A day later, all of the stories about the Steven Sinofsky departure seem to be pointing in the same general direction:
- That he was indeed fired (or asked to leave).
- That he clashed with Steve Ballmer.
- That he didn’t work well with others.
- That Ballmer wanted a more collaborative Microsoft.
- That Windows 8 and Surface sales had nothing to do with it.
What I’ve heard from people both inside and close to Microsoft is in line with all of those things. But I’m still not sold on the last point.
Is it too early to gauge the success of Windows 8 and the Surface in the market? Sure. But Microsoft certainly has their own internal metrics and indicators that give them a better sense of how things are going. I’m obviously not privy to such data, but a 23-year veteran of Microsoft, the man in charge of both projects, was just fired.

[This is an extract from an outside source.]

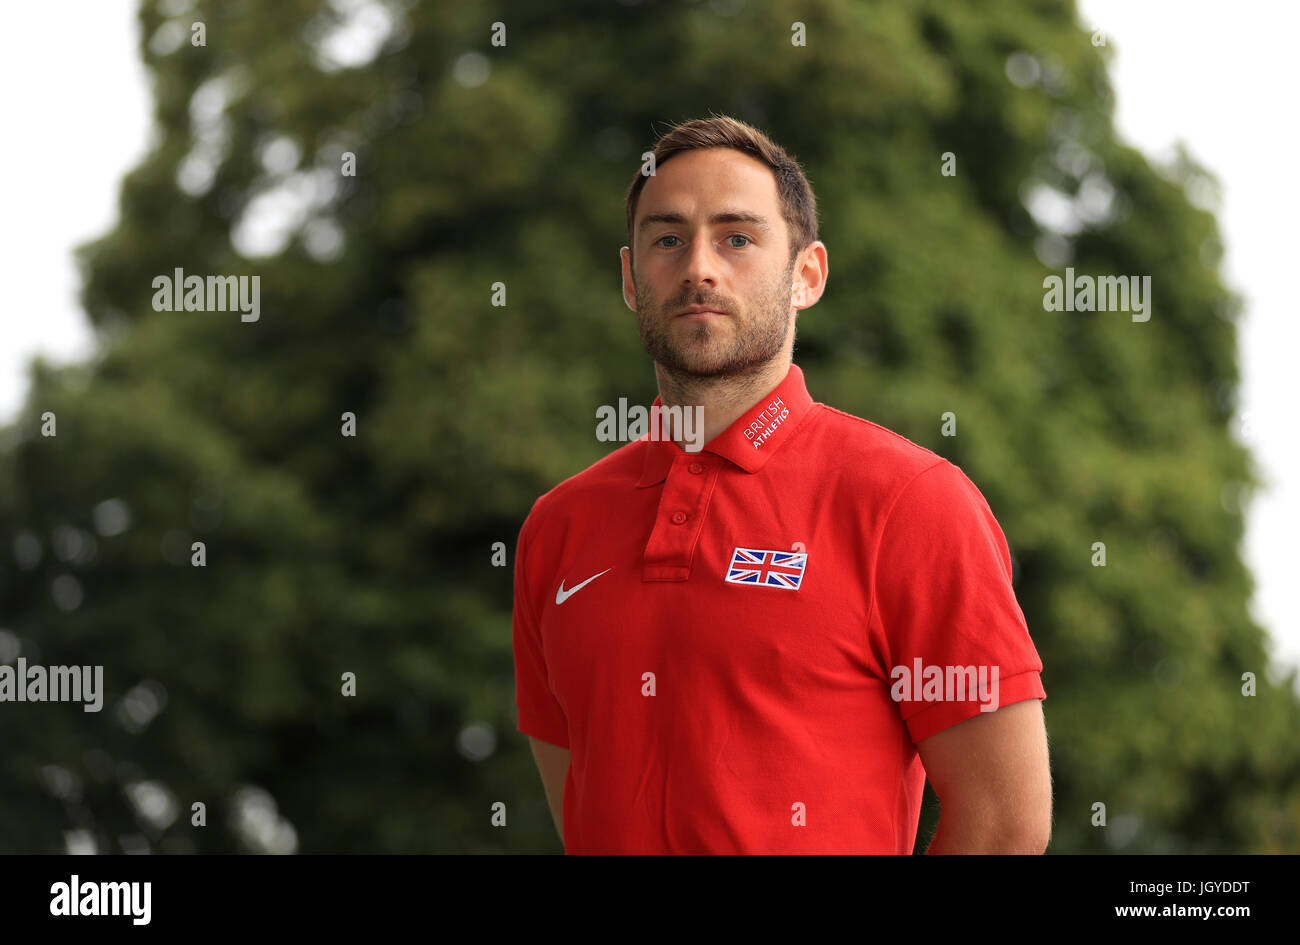 Decathlete Ashley Bryant during the team announcement ahead of the IAAF World Championships, at the Loughborough University High Performance Centre. PRESS ASSOCIATION Photo. Picture date: Tuesday July 11, 2017. See PA story ATHLETICS Worlds. Photo credit should read: Tim Goode/PA Wire Stock Photo

It certainly seems like he didn’t work well with others. But he probably hasn’t for the past 23 years. At the very least, that seems to be the case for the past several years since he’s been running the Windows division, and the years running the Office division before that. Both remained huge successes, so no one seemed to care. What changed?

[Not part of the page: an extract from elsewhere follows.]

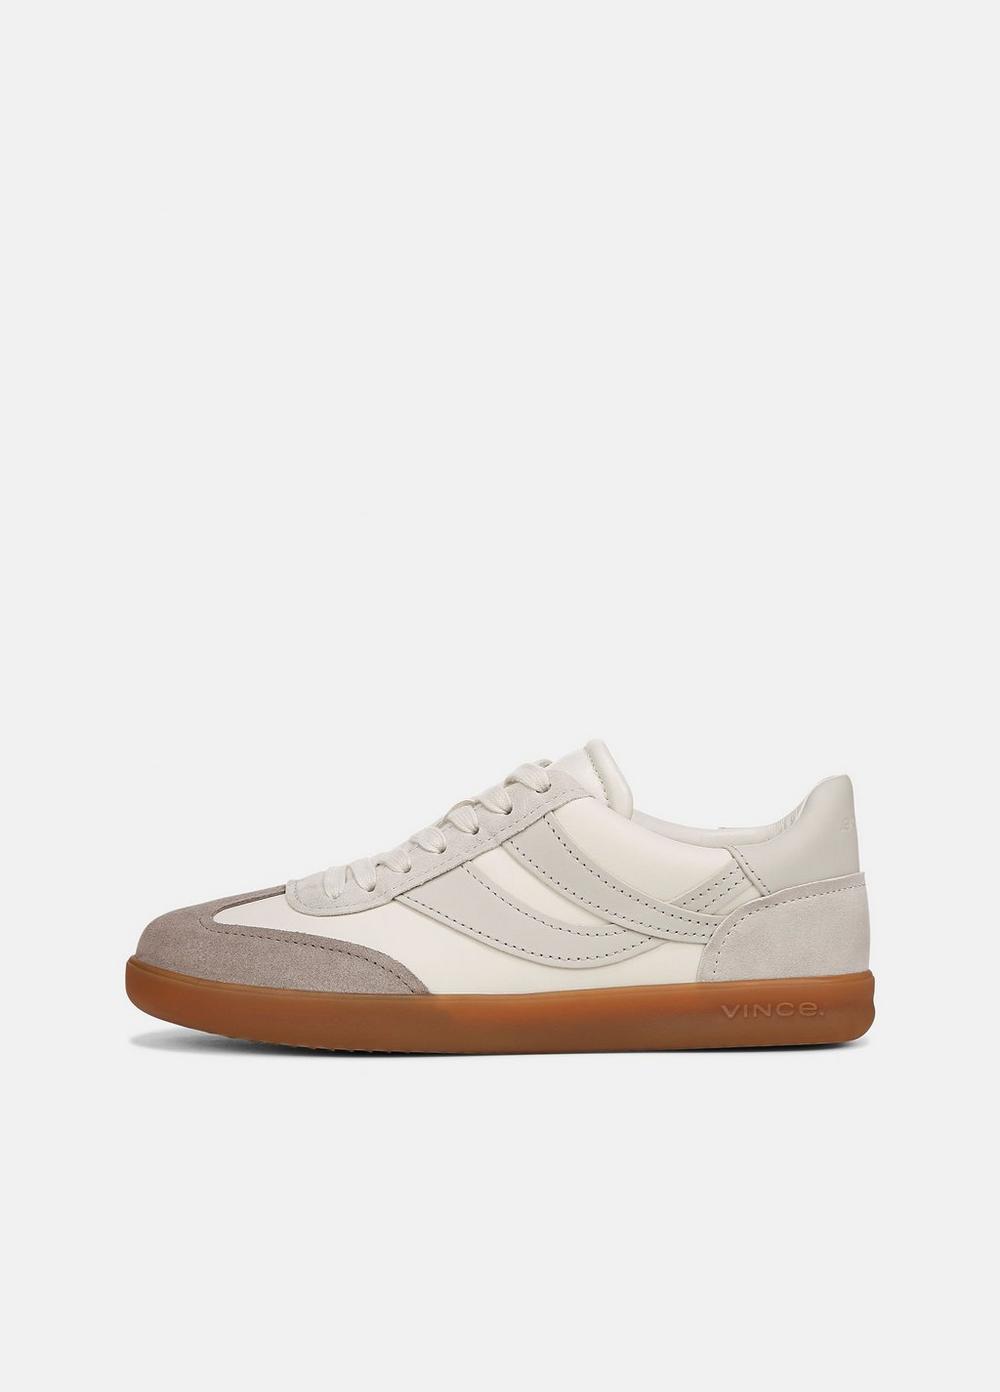 Oasis Leather And Suede Sneaker, White Foam/horchata/hazelstone, Size 9 Vince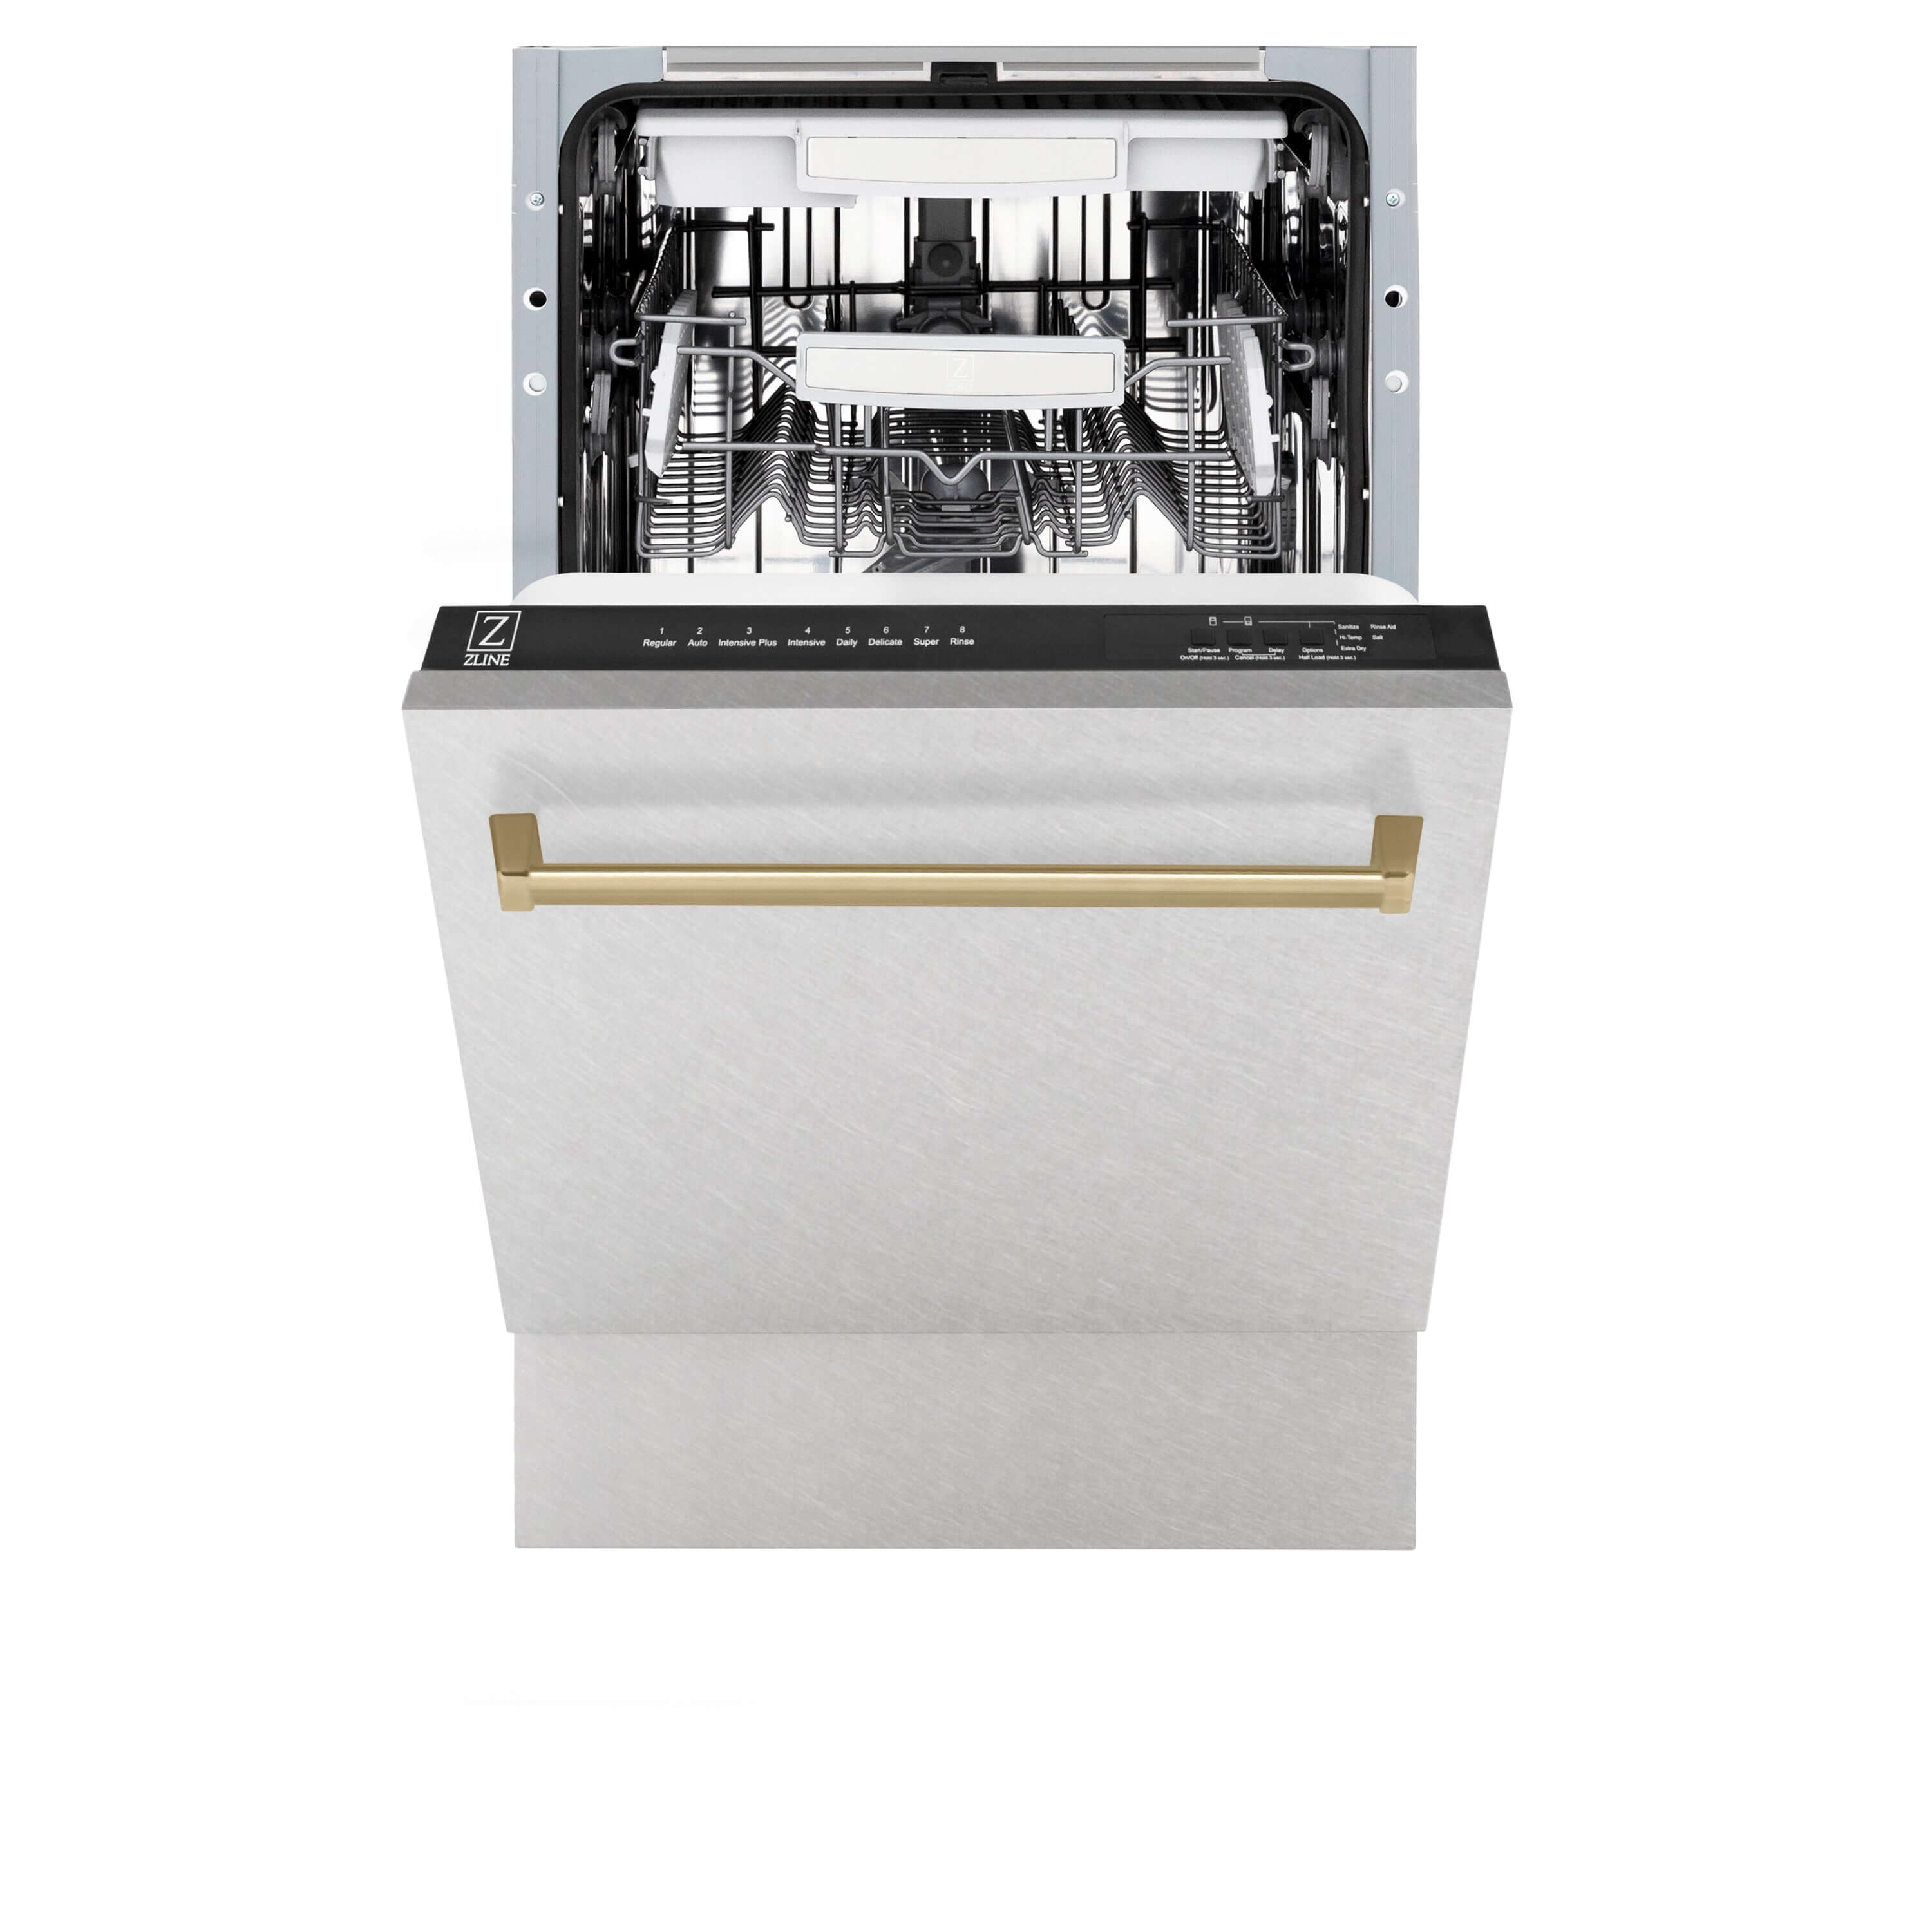 ZLINE Autograph Edition 18 in. Tallac Series 3rd Rack Top Control Built-In Dishwasher in Fingerprint Resistant Stainless Steel with Champagne Bronze Handle, 51dBa (DWVZ-SN-18-CB) front, half open.

Yes, there are obvious parallels to the Scott Forstall situation inside of Apple. But the overall situation is different as Tim Cook is only one year into the job and felt the need to consolidate power while streamlining internal processes (his M.O.). Ballmer has been on the job (as CEO) with Sinofsky for 13 years. Again, what changed?
My (unsubstantiated) guess remains Windows 8 and the Surface. I think we’ll see this play out in the months ahead.

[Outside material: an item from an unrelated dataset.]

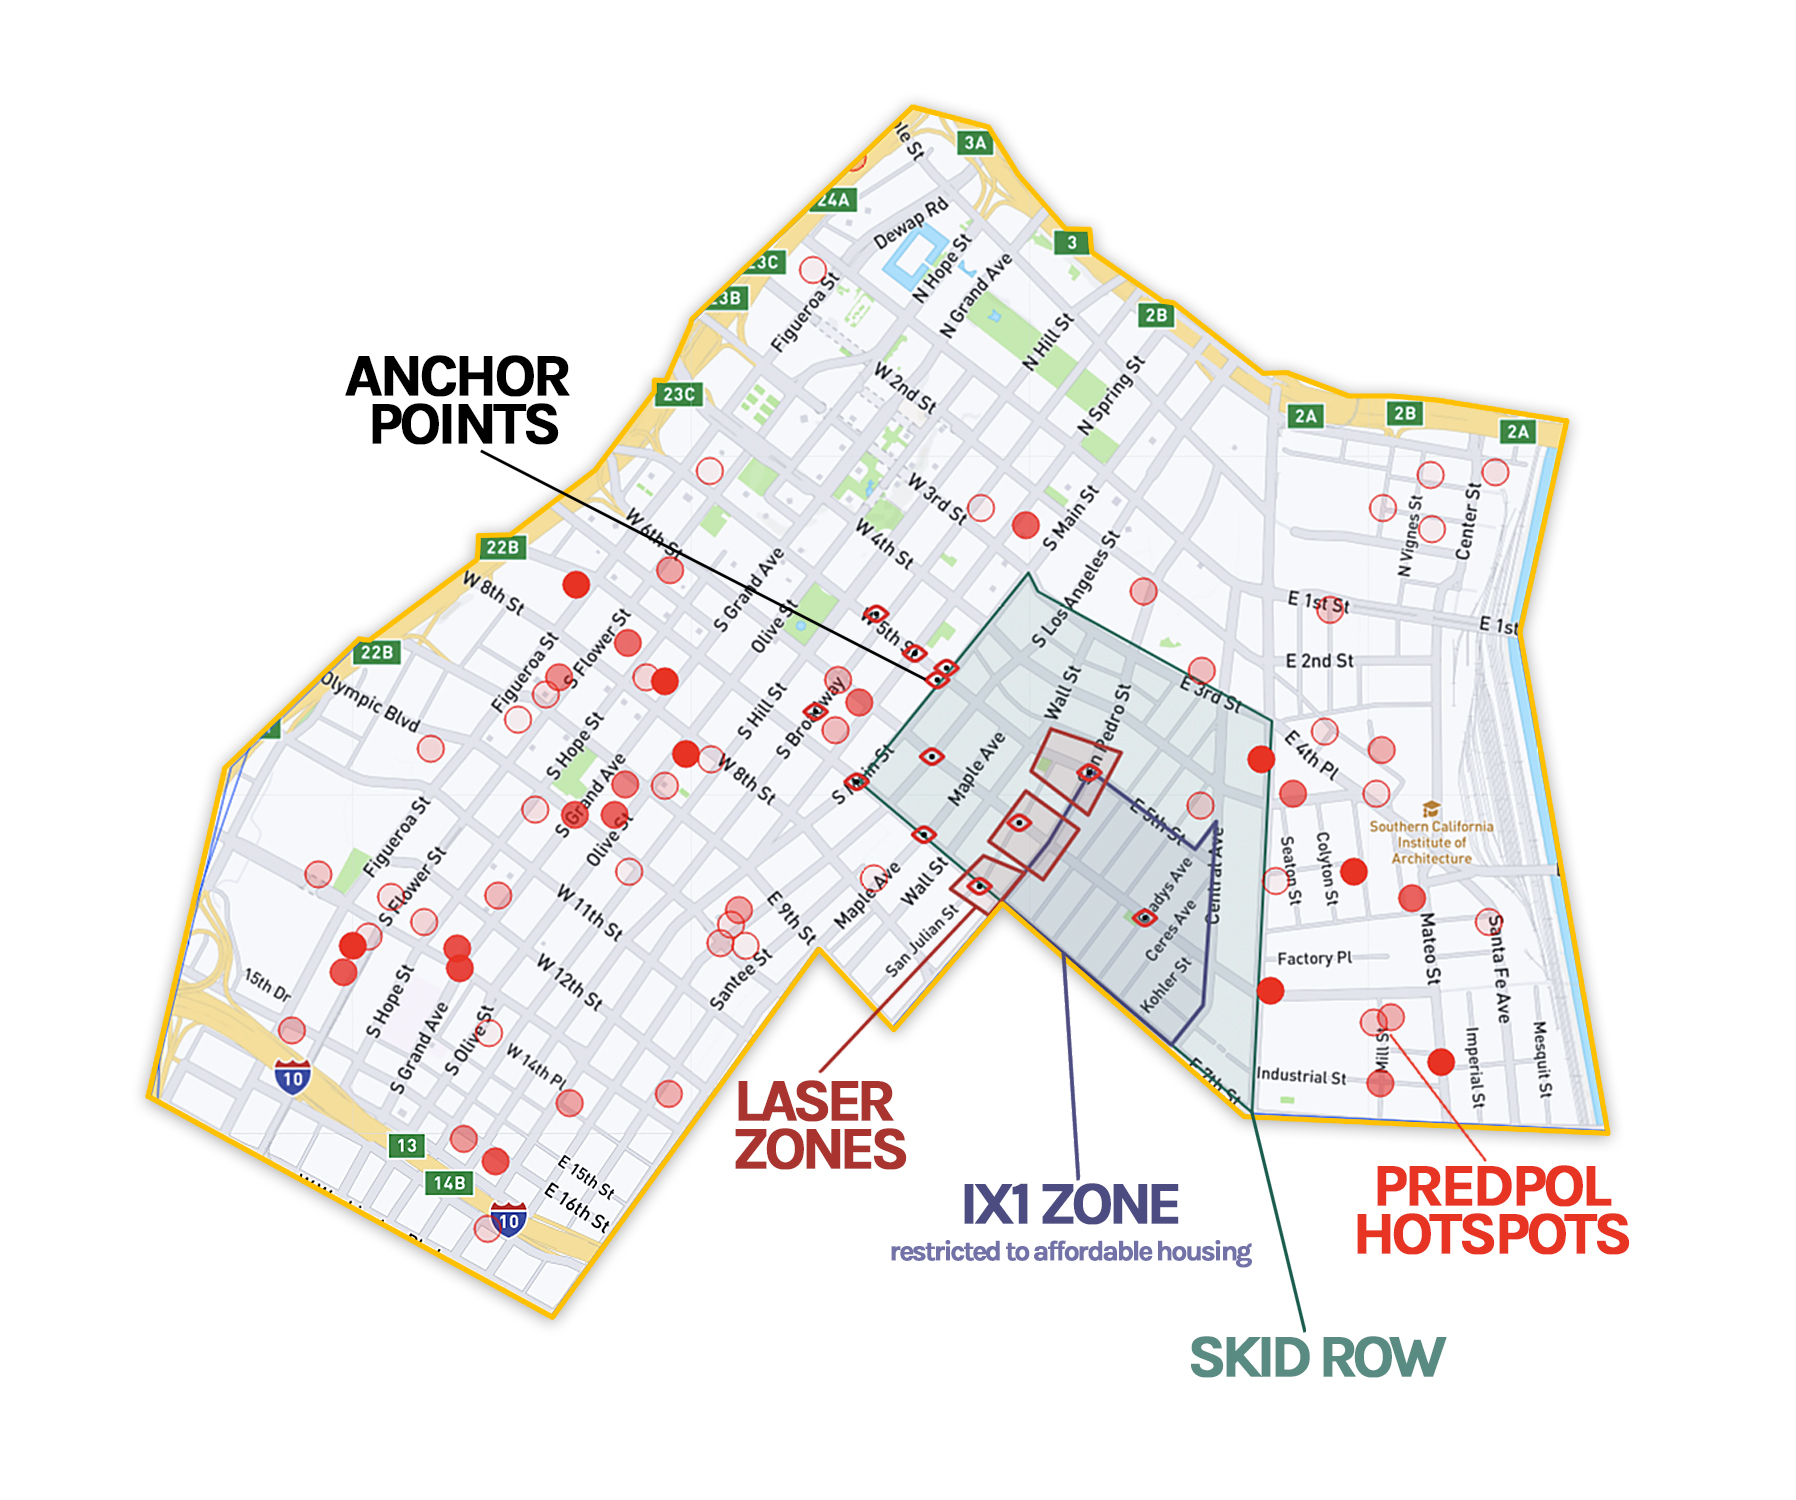 A map of all the data driven policing programs in central division with boundaries around skid row and the proposed ix1 zone (proposed deed restriction for affordable housing)

Sinofsky was the driving force behind the “no compromise" approach to Windows 8. I believe that approach is at the heart of the ultimate problem with the OS. As two separate halves, Windows 8 and Metro seem fine. As a whole, the OS seems like a schizophrenic mess. Microsoft should have copied the Apple approach with OS X/iOS, keeping them separate and slowly merging them over time by taking the best of both.
It was Sinofsky’s call to do the opposite. And he went on and on and on about it as he oddly defined “compromise” by extolling the virtues of not compromising.
Meanwhile, the Surface is a mess. My full review is forthcoming, but it’s hard to imagine why anyone buys this device beyond initial curiosity. Maybe the “Pro” version of the Surface is better and will make some sense, but the initial Surface is another weird combination of things that yes, define compromise.
Ultimately, I have this strange feeling that the strict adherence to “no compromise” with Windows 8 is what led to there being no compromise when it came to Sinofsky staying with the company. We may never know if my feeling is right or not, but the numbers over the next few months should be at least directionally revealing.
Ultimately, I don’t think Forstall gets fired without the Maps situation (and to a lesser extent, the Siri issues and his “no compromise” approach to design). And I think there’s an even more straightforward reason why Sinofsky is out. I think Microsoft can see it right now. And I think we’ll all be able to see it before long.